The Great American Transit Disaster

The Great American Transit Disaster
Author: Nicholas Dagen Bloom
Publsiher: University of Chicago Press
Total Pages: 364
Release: 2023-05-03
Genre: History
ISBN: 9780226824413

Download The Great American Transit Disaster Book in PDF, Epub and Kindle

A potent re-examination of America’s history of public disinvestment in mass transit. Many a scholar and policy analyst has lamented American dependence on cars and the corresponding lack of federal investment in public transportation throughout the latter decades of the twentieth century.
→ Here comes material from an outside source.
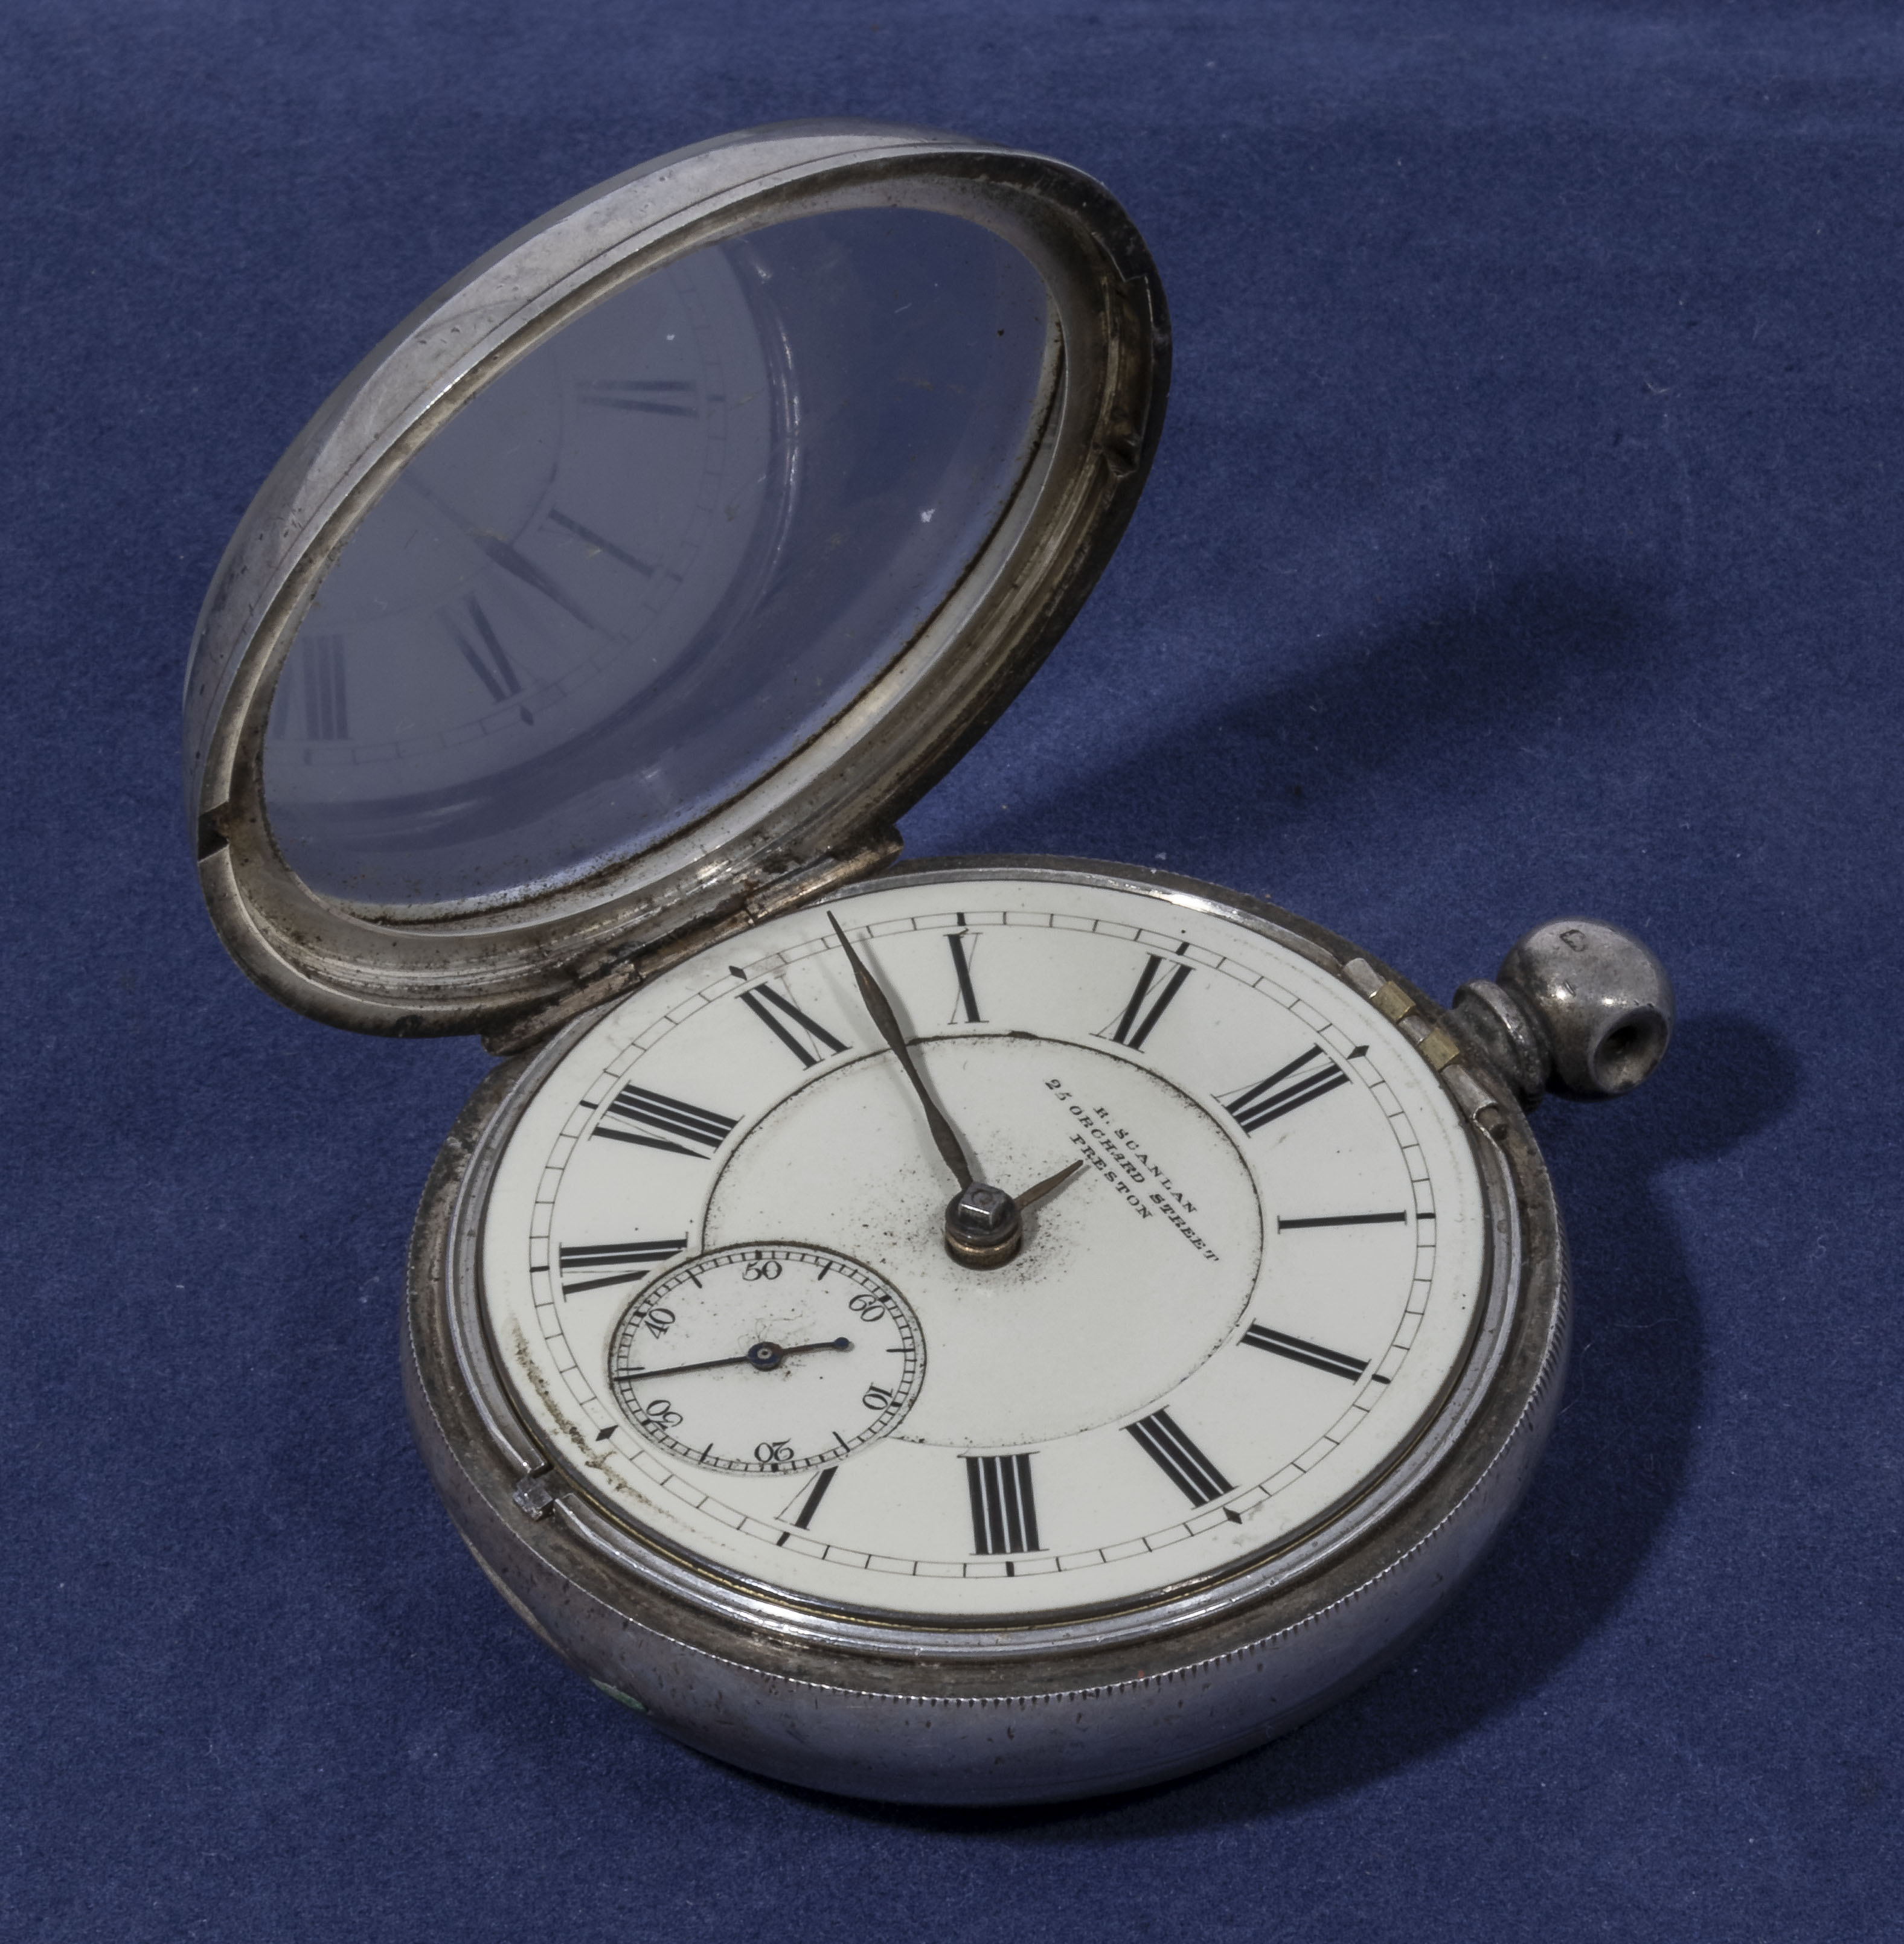 Victorian silver verge pocket watch by R. Scanlan Orchard Street Preston watch no.7222 silver case
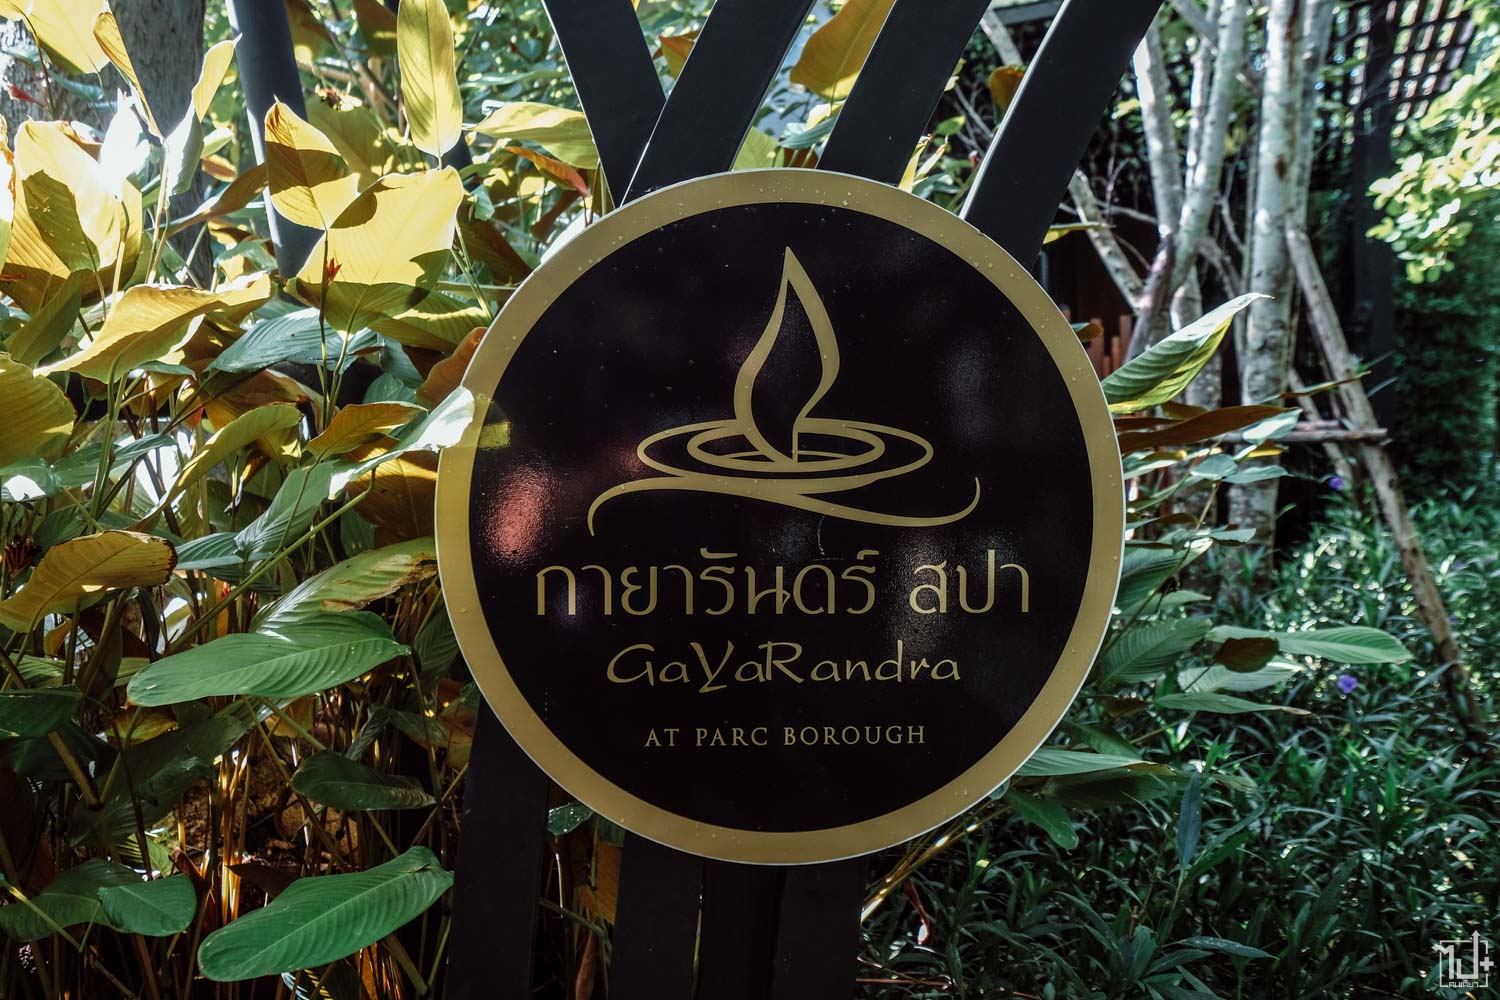 พาร์คโบโร่ซิตีรีสอร์ท, รีวิวเชียงใหม่, เชียงใหม่, ที่เที่ยวเชียงใหม่, ที่พักเชียงใหม่, ParcBoroughCityResort, Chiangmai

But as Nicholas Dagen Bloom shows in The Great American Transit Disaster, our transit networks are so bad for a very simple reason: we wanted it this way. Focusing on Baltimore, Atlanta, Chicago, Detroit, Boston, and San Francisco, Bloom provides overwhelming evidence that transit disinvestment was a choice rather than destiny. He pinpoints three major factors that led to the decline of public transit in the United States: municipal austerity policies that denied most transit agencies the funding to sustain high-quality service; the encouragement of auto-centric planning; and white flight from dense city centers to far-flung suburbs. As Bloom makes clear, these local public policy decisions were not the product of a nefarious auto industry or any other grand conspiracy—all were widely supported by voters, who effectively shut out options for transit-friendly futures. With this book, Bloom seeks not only to dispel our accepted transit myths but hopefully to lay new tracks for today’s conversations about public transportation funding.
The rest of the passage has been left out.